Bottom line: Ifill's book is scheduled to be released on Inauguration Day 2009. If Obama wins, Ifill's books sales are expected to benefit by hundreds of thousands of dollars. Ifill's admitted failure to tell the Commission about her book may well have resulted from a belief that it would not have mattered to the Commission and that may well be true, but the appearance of impropriety is obvious to anyone who thinks of hundreds of thousands of dollars as non-trivial. By proceeding, Ifill put herself in a lose-lose position: if she mentioned her upcoming book on "The Age of Obama," she'd have been criticized for promoting her book, and by not mentioning it, she concealed her financial interest in the success of her book from viewers who tuned in without knowing about her upcoming book and expect impartial moderators. An honorable judge recuses herself or himself from a case where there is even an appearance of impropriety. Ifill should have been unselfish, recused herself as moderator and asked Ann Coulter to fill in for her! (A blonde should have been chosen to moderate a presidential or vice presidential debate by now.)

Michael J. Gaynor


Biography - Michael J. Gaynor

Michael J. Gaynor has been practicing law in New York since 1973. A former partner at Fulton, Duncombe & Rowe and Gaynor & Bass, he is a solo practitioner admitted to practice in New York state and federal courts and an Association of the Bar of the City of New York member.

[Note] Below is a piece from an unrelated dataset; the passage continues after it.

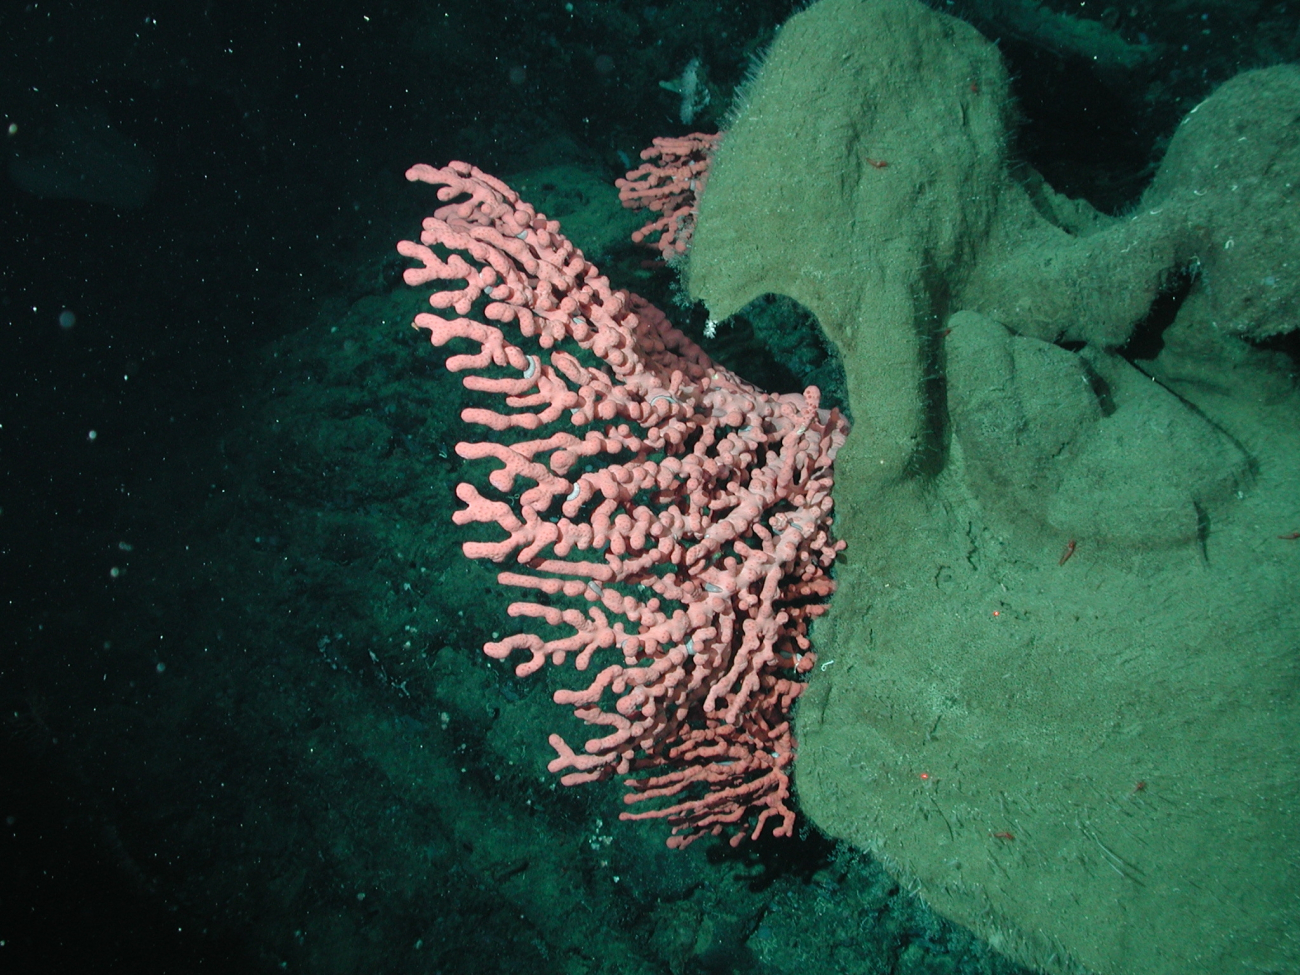 Bubblegum coral (Paragorgia arborea) growing next to a large sponge
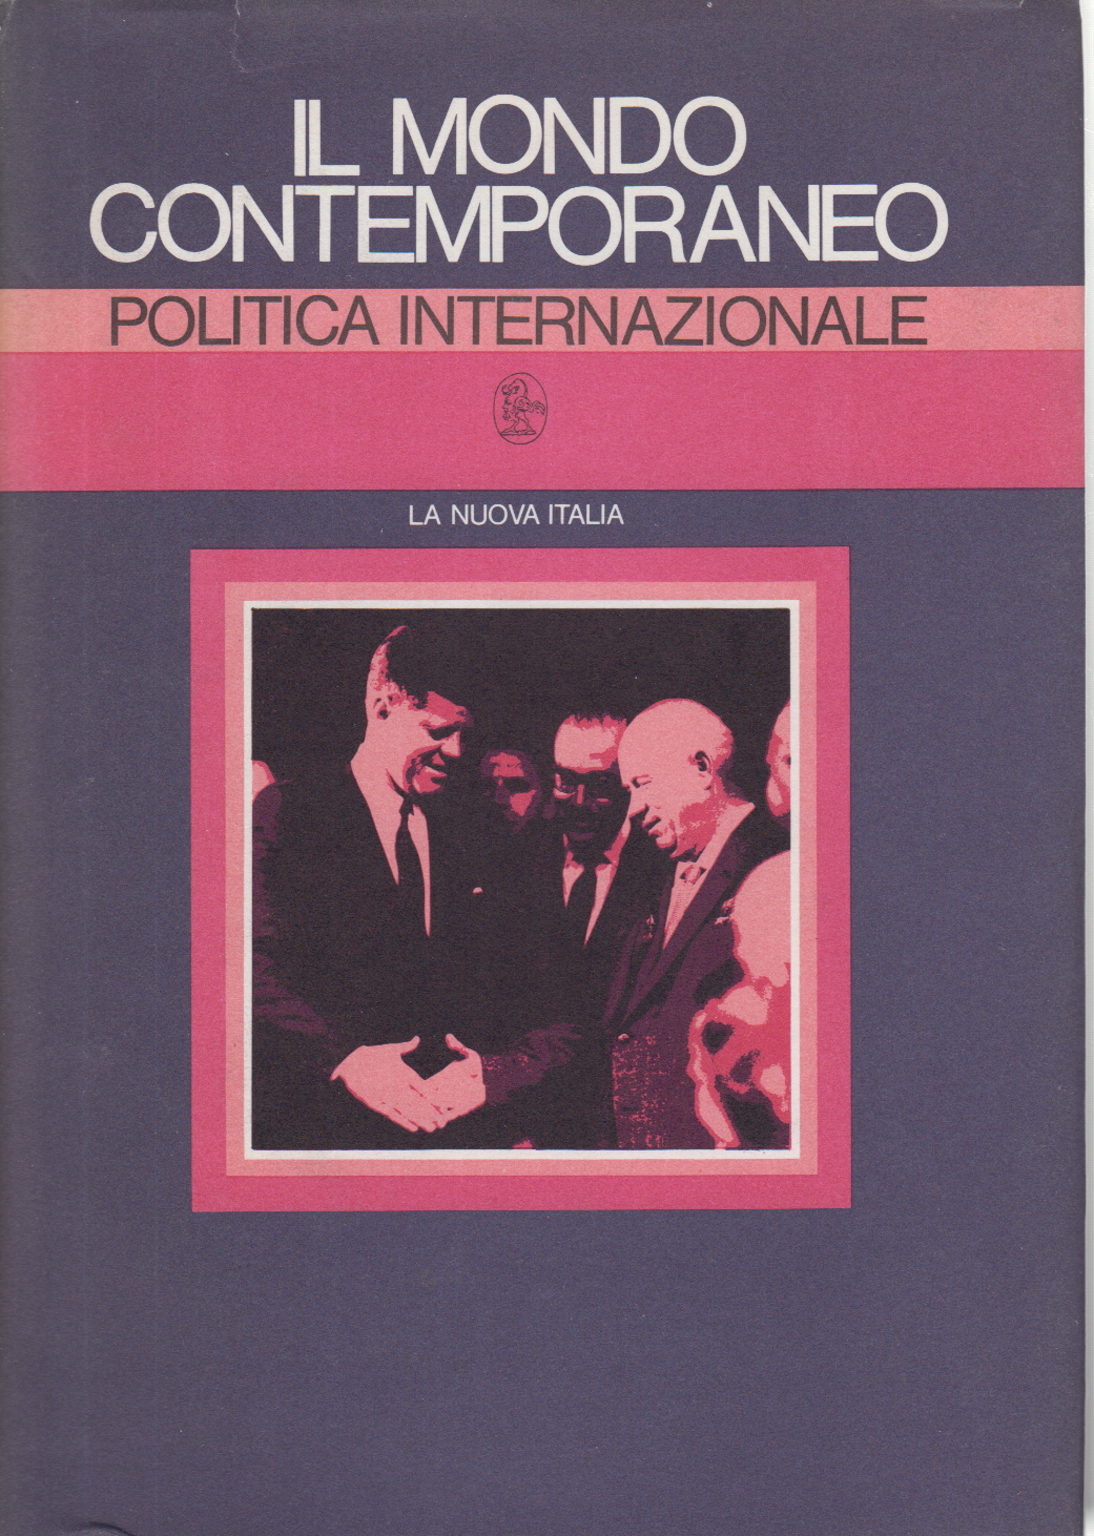 La politique internationale, Luigi Bonanate

Gaynor graduated magna cum laude, with Honors in Social Science, from Hofstra University's New College, and received his J.D. degree from St. John's Law School, where he won the American Jurisprudence Award in Evidence and served as an editor of the Law Review and the St. Thomas More Institute for Legal Research. He wrote on the Pentagon Papers case for the Review and obscenity law for The Catholic Lawyer and edited the Law Review's commentary on significant developments in New York law.

The day after graduating, Gaynor joined the Fulton firm, where he focused on litigation and corporate law. In 1997 Gaynor and Emily Bass formed Gaynor & Bass and then conducted a general legal practice, emphasizing litigation, and represented corporations, individuals and a New York City labor union. Notably, Gaynor & Bass prevailed in the Second Circuit in a seminal copyright infringement case, Tasini v. New York Times, against newspaper and magazine publishers and Lexis-Nexis. The U.S. Supreme Court affirmed, 7 to 2, holding that the copyrights of freelance writers had been infringed when their work was put online without permission or compensation.

Gaynor currently contributes regularly to www.MichNews.com, www.RenewAmerica.com, www.WebCommentary.com, www.PostChronicle.com and www.therealitycheck.org and has contributed to many other websites. He has written extensively on political and religious issues, notably the Terry Schiavo case, the Duke "no rape" case, ACORN and canon law, and appeared as a guest on television and radio. He was acknowledged in Until Proven Innocent, by Stuart Taylor and KC Johnson, and Culture of Corruption, by Michelle Malkin. He appeared on "Your World With Cavuto" to promote an eBay boycott that he initiated and "The World Over With Raymond Arroyo" (EWTN) to discuss the legal implications of the Schiavo case. On October 22, 2008, Gaynor was the first to report that The New York Times had killed an Obama/ACORN expose on which a Times reporter had been working with ACORN whistleblower Anita MonCrief.